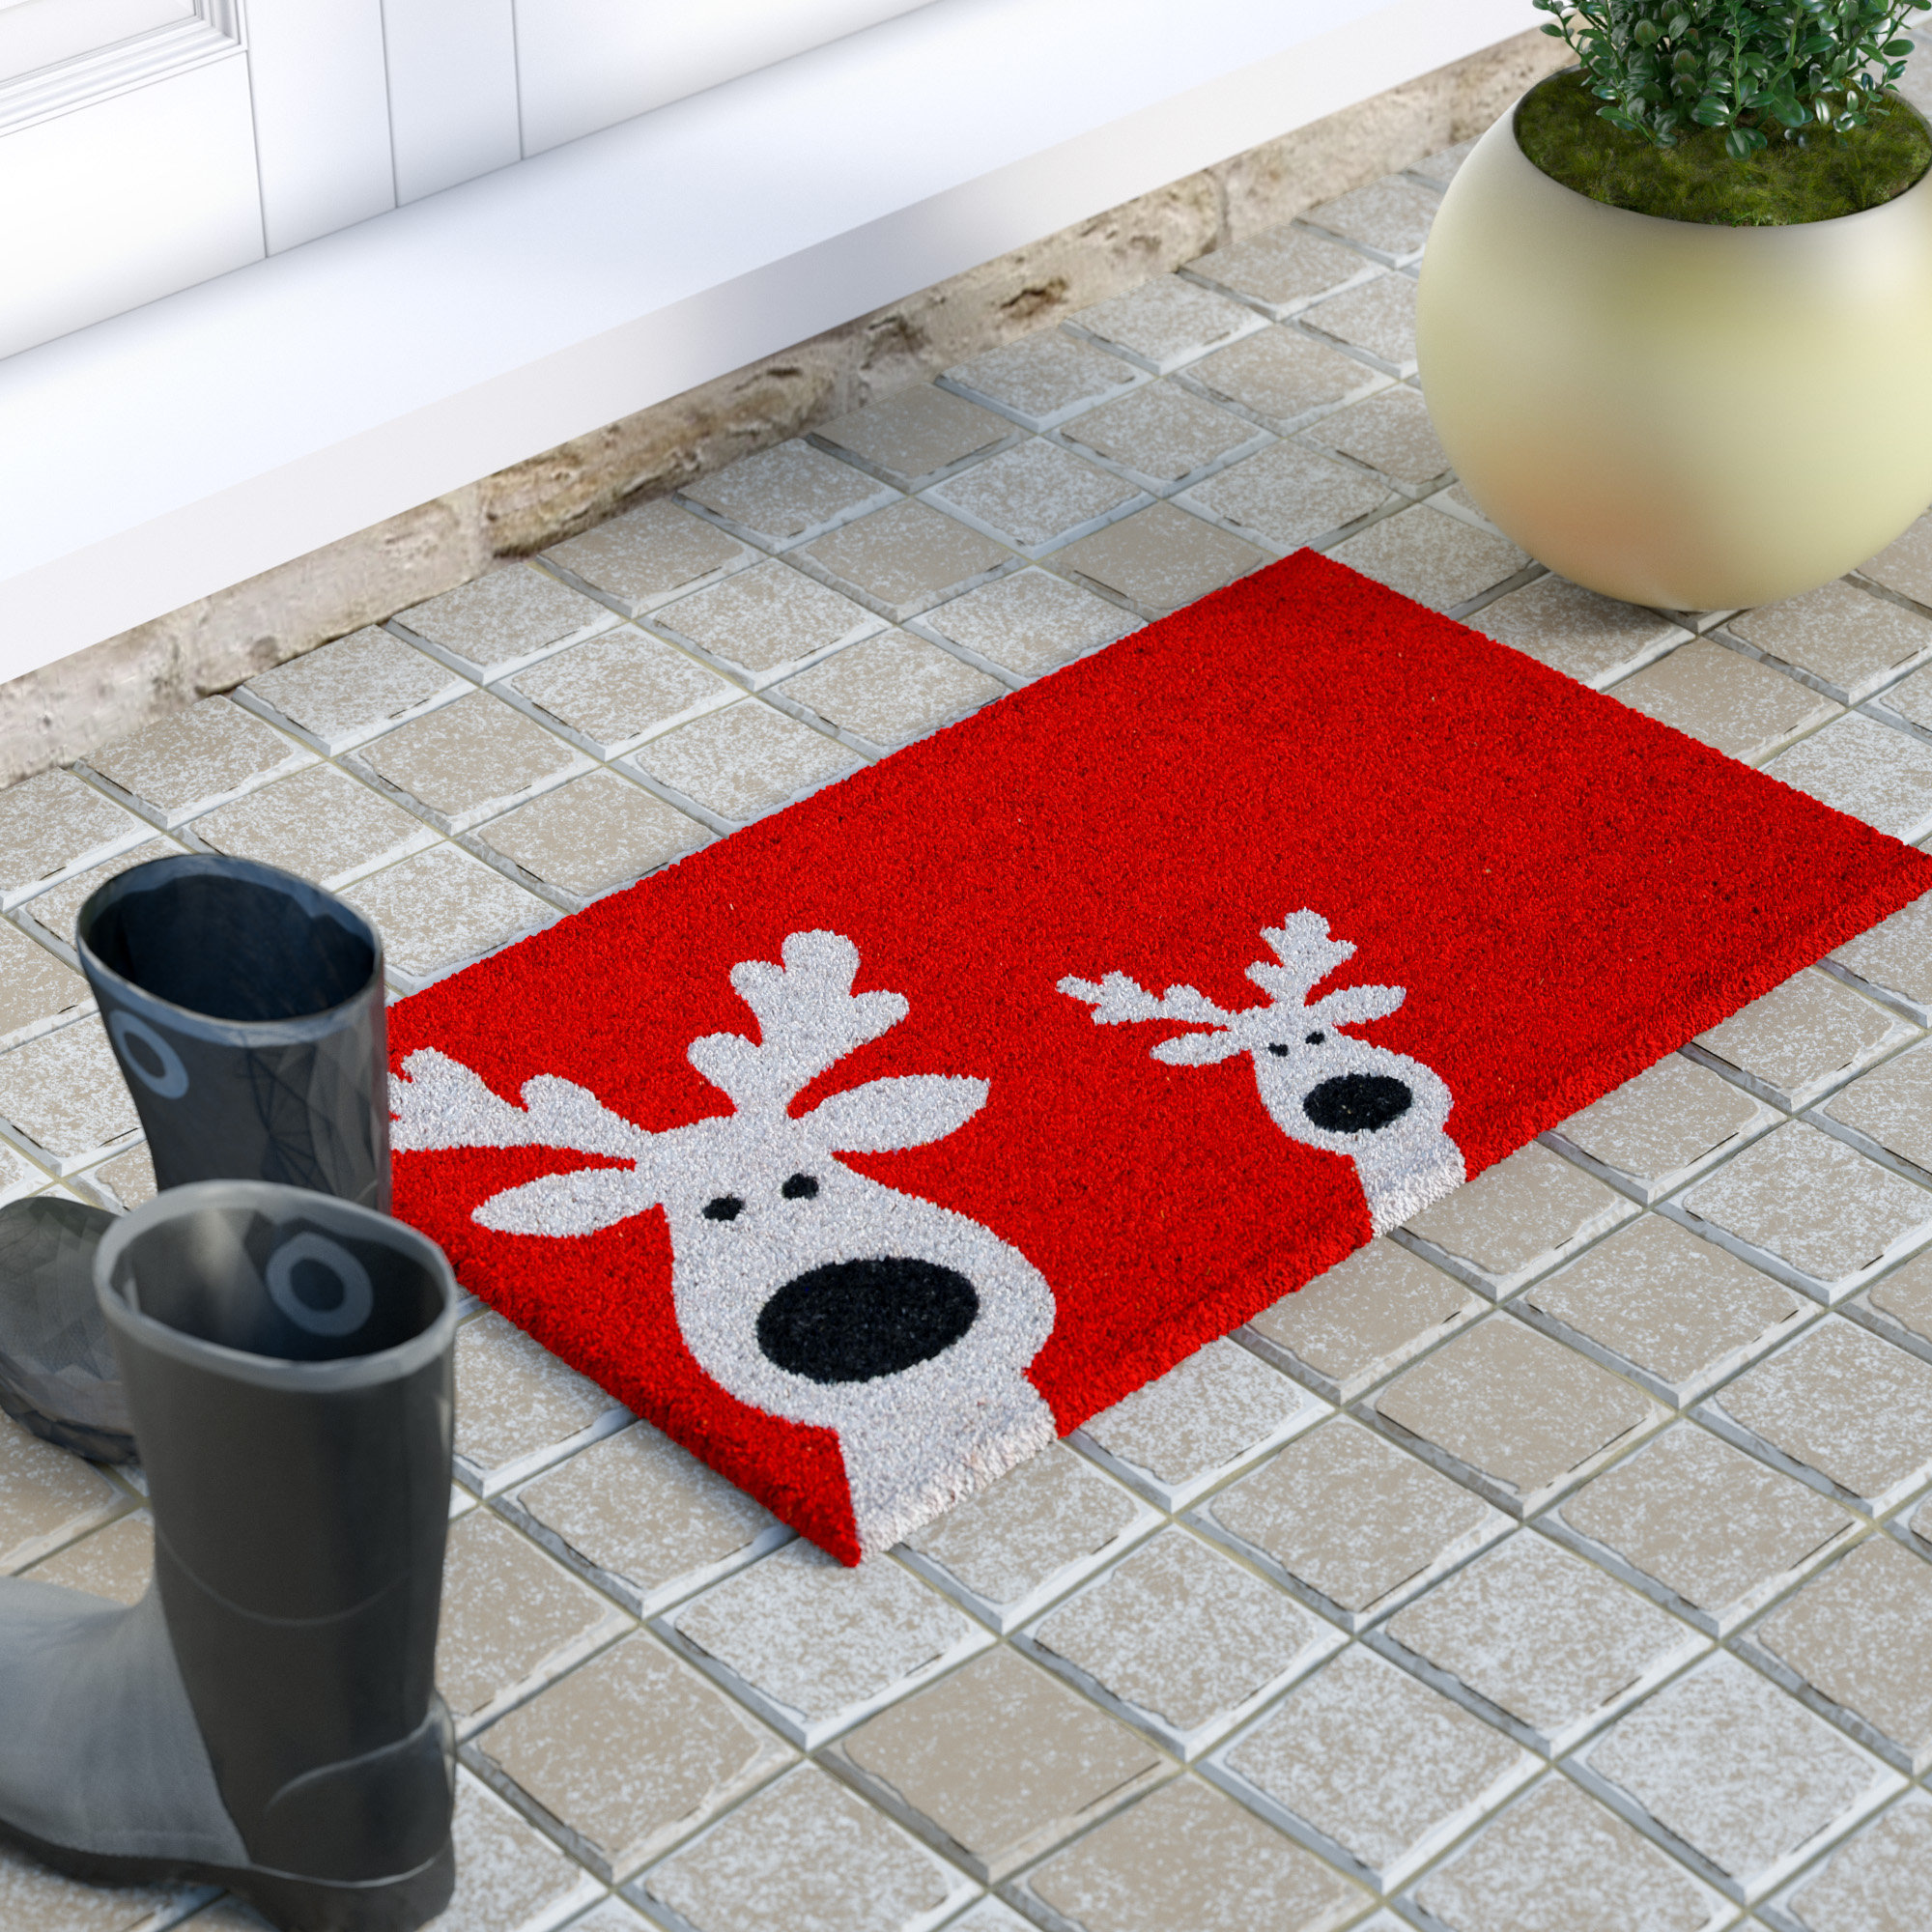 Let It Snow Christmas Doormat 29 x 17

==

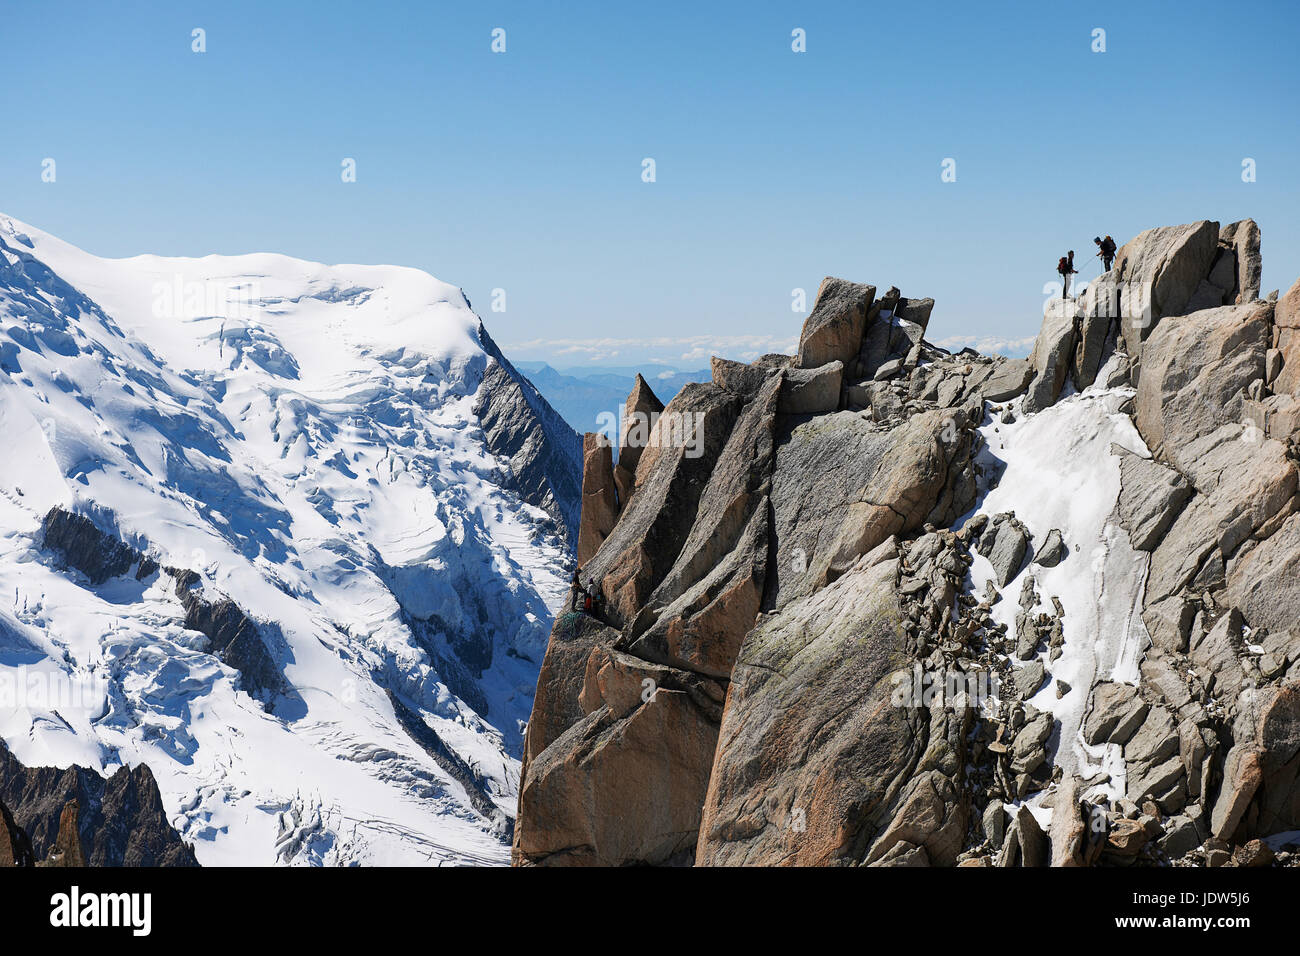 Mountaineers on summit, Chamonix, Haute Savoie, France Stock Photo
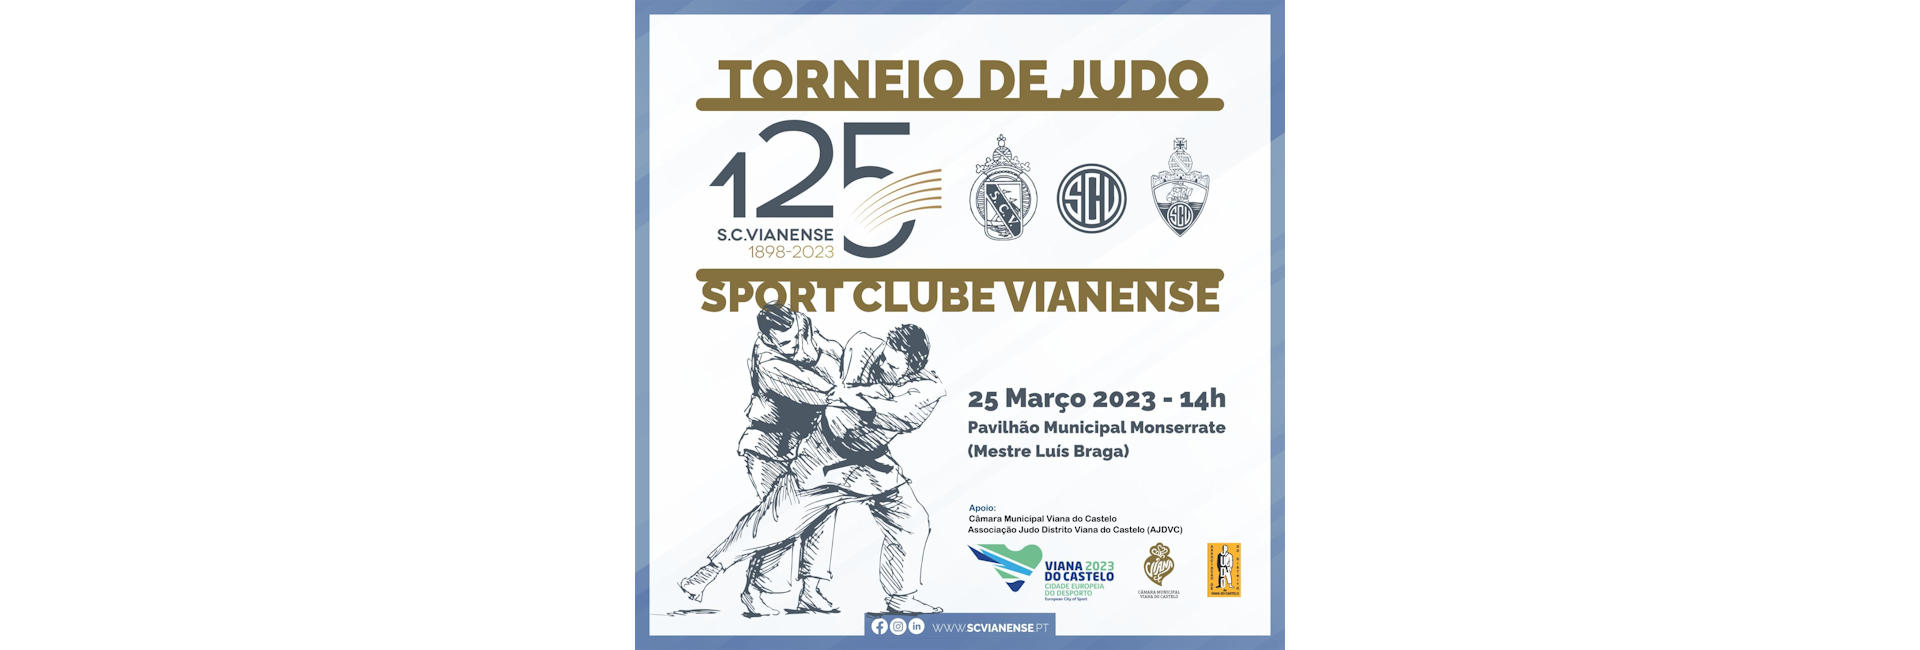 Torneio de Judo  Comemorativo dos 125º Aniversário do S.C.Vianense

* * *

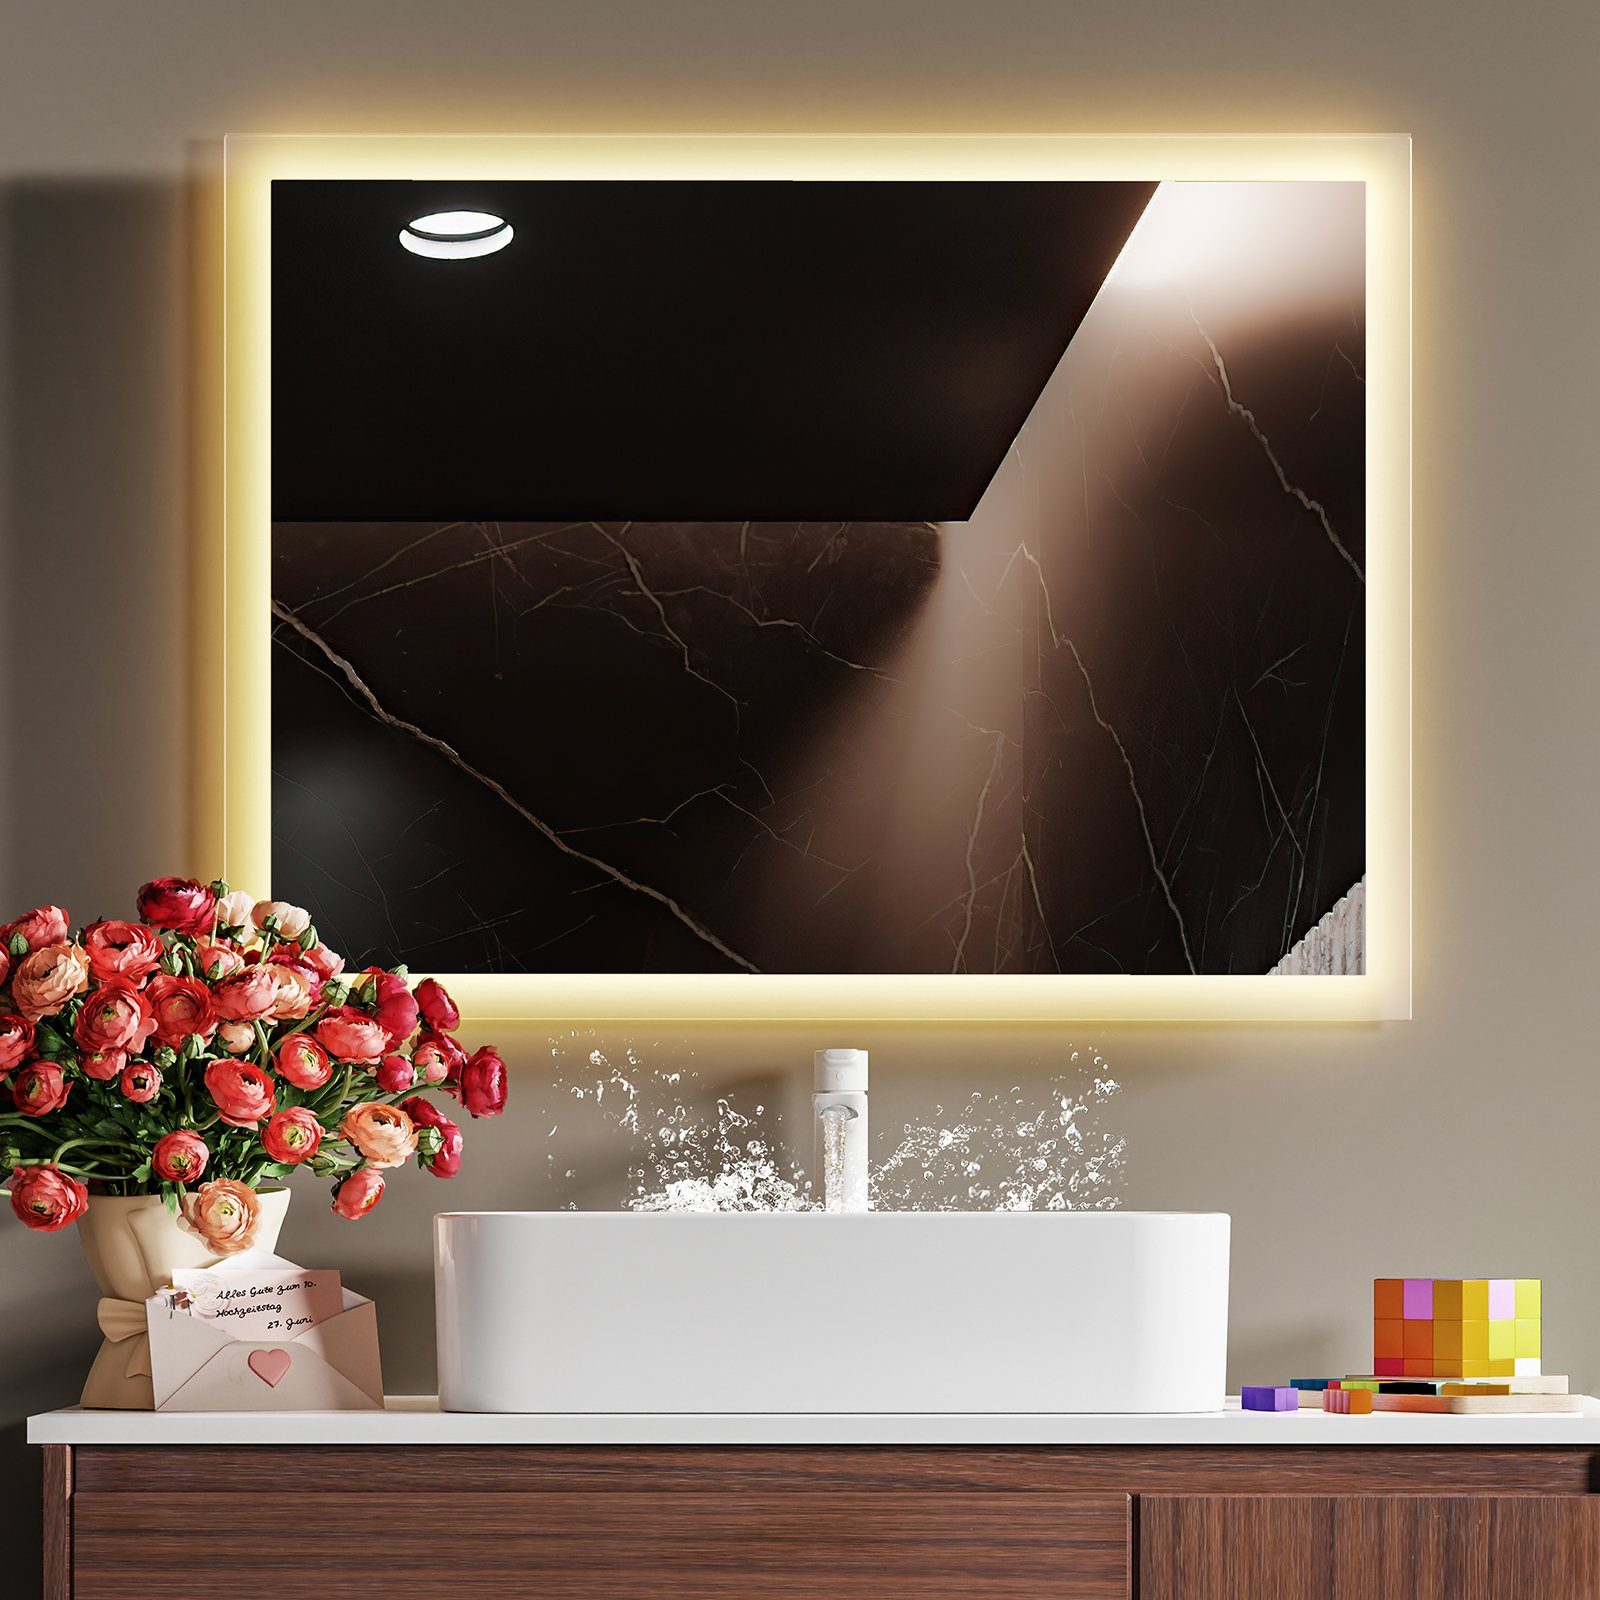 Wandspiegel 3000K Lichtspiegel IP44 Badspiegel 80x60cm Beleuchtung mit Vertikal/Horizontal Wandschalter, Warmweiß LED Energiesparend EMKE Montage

**Task details:** Using the records above, print exactly the run of lines that starts with the line with "Mountaineers on summit, Chamonix, Haute" and goes on through the line with "Torneio de Judo", pictures excluded.

**Written answer:**
 Mountaineers on summit, Chamonix, Haute Savoie, France Stock Photo
 Torneio de Judo  Comemorativo dos 125º Aniversário do S.C.Vianense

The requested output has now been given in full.